November 14, 2011

Lewis & Beane interview

Moneyball (the movie) opens in the U.K. on November 25, and as part of the publicity, The Financial Times features an in-depth interview with both Michael Lewis and Billy Beane by Simon Kuper.

It's quite a revealing interview, that digs into the relationship between Lewis and Beane -- why Lewis was interested in finding the story, and why Beane let Lewis hang around.

But to whet your appetite, here's a couple of highlights. First, a quote from Michael Lewis:
"Baseball is a stupid-making enterprise in that nobody wants to be singled out or say something dumb. You wander in the clubhouse and it’s amazing how incurious the players are. One reason I was attracted to Scott Hatteberg [the former A’s player] as a character: he was just curious: ‘What the hell are you doing here, man?’”

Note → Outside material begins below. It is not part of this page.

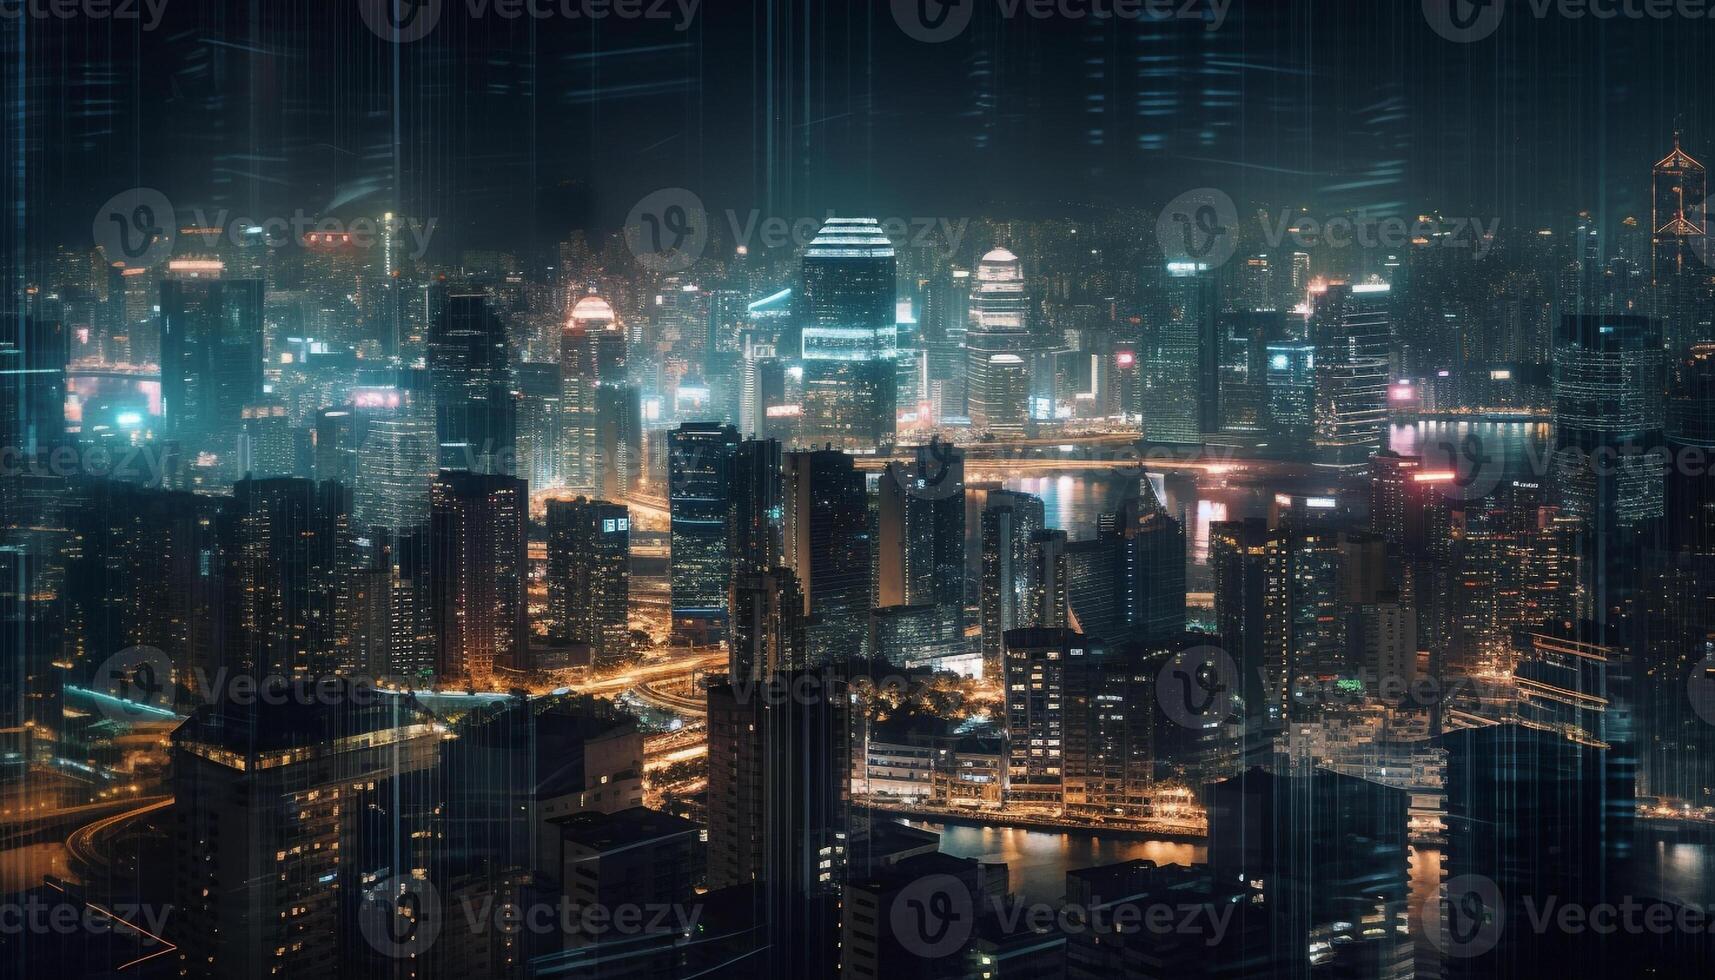 Glowing city skyscrapers illuminate the dark night generated by AI photo

On the criticisms of Moneyball:

There are two silly objections often made to Lewis’s book. The first is that if Moneyball works so well, then why haven’t the A’s had a winning season since 2006? We meet on a sunny October morning, mid-playoffs, a perfect day for baseball, but the team’s season has long since ended.

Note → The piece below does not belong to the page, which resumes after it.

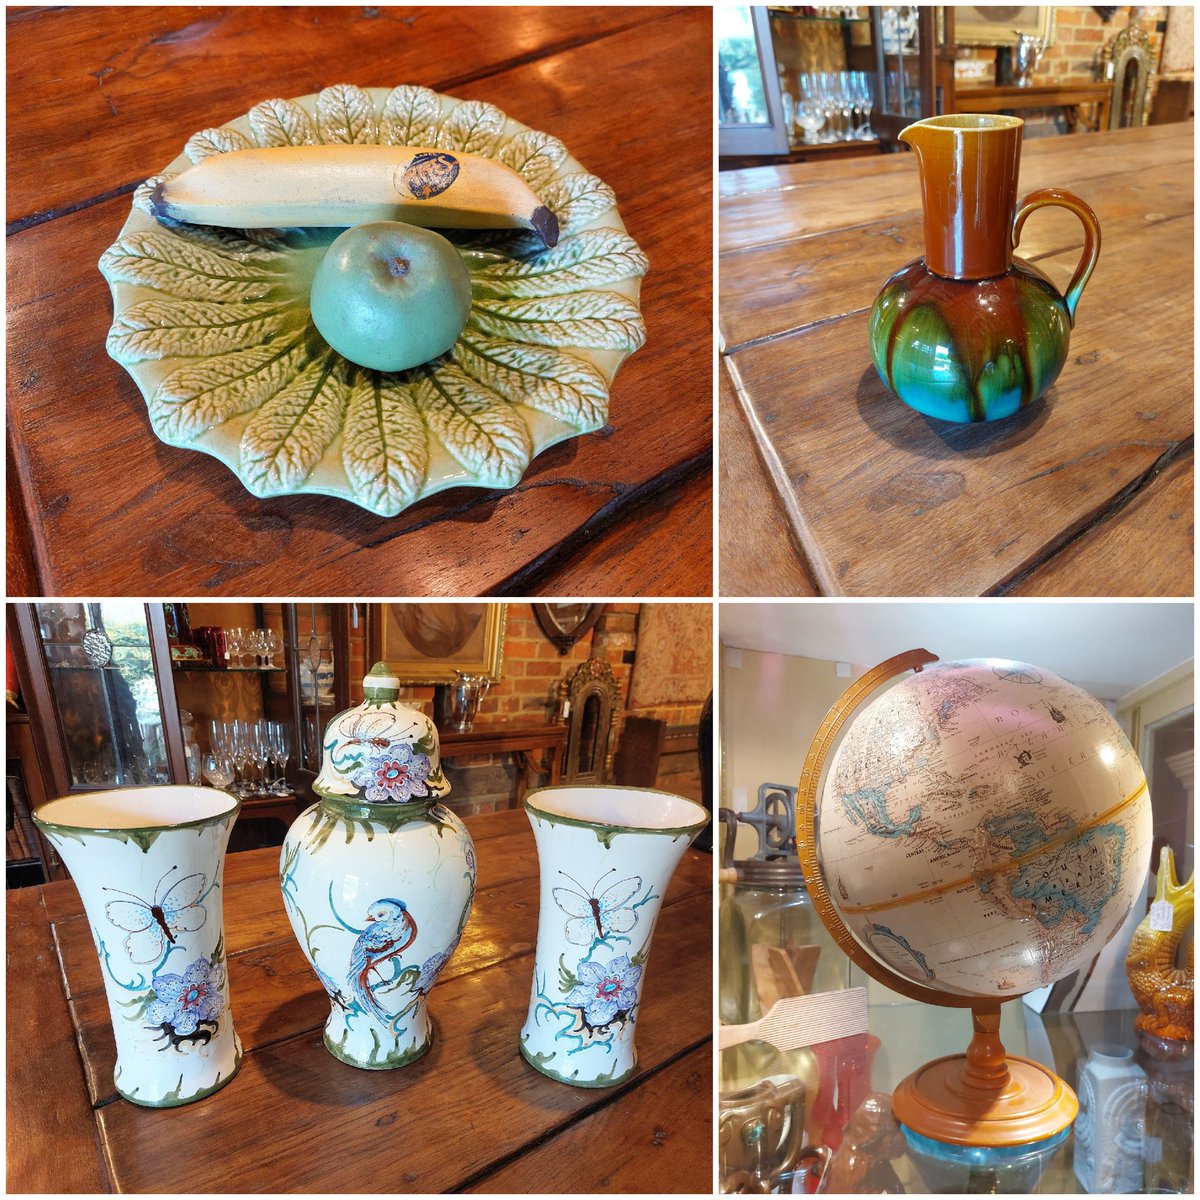 #bretbyfruitbowl #christopherdresserjug #goudavases #vintageglobe #ceramics #pottery #giftideas #eversleybarnantiques

However, the people who make this objection don’t seem to grasp the basic principles of imitation and catch-up. Once all teams are playing Moneyball, then playing Moneyball no longer gives you an edge. Indeed, the richer clubs have the means to play it smarter. The New York Yankees recently hired 21 statisticians, Beane marvels.

The other common snipe is that Beane should never have spilled his secrets to Lewis. That ruined the A’s, the critics say. But Lewis dismisses the charge. First, he notes, Beane had never imagined their conversations would spiral into a book. Lewis says, “I was going to do something little. By the time I thought I was going to do something big I’d hung around so much it would have been socially awkward to ask me to leave.”

Second, notes Lewis, by 2002 Moneyball was already spreading. The book ends with the Red Sox offering Beane the highest GM’s salary in baseball history. Only when Beane turned them down, having decided after Stanford that he’d never do anything just for money again, did the Red Sox hire Epstein. “The market was moving already,” says Lewis. “The teams that wanted to do it were going to do it anyway, so no book was going to make any difference. My view is the only effect of the book was to give them [the A’s] the credit. If no book had been written, Theo would have been branded the man who reinvented baseball.”

Of course, Epstein's stuff worked in the playoffs.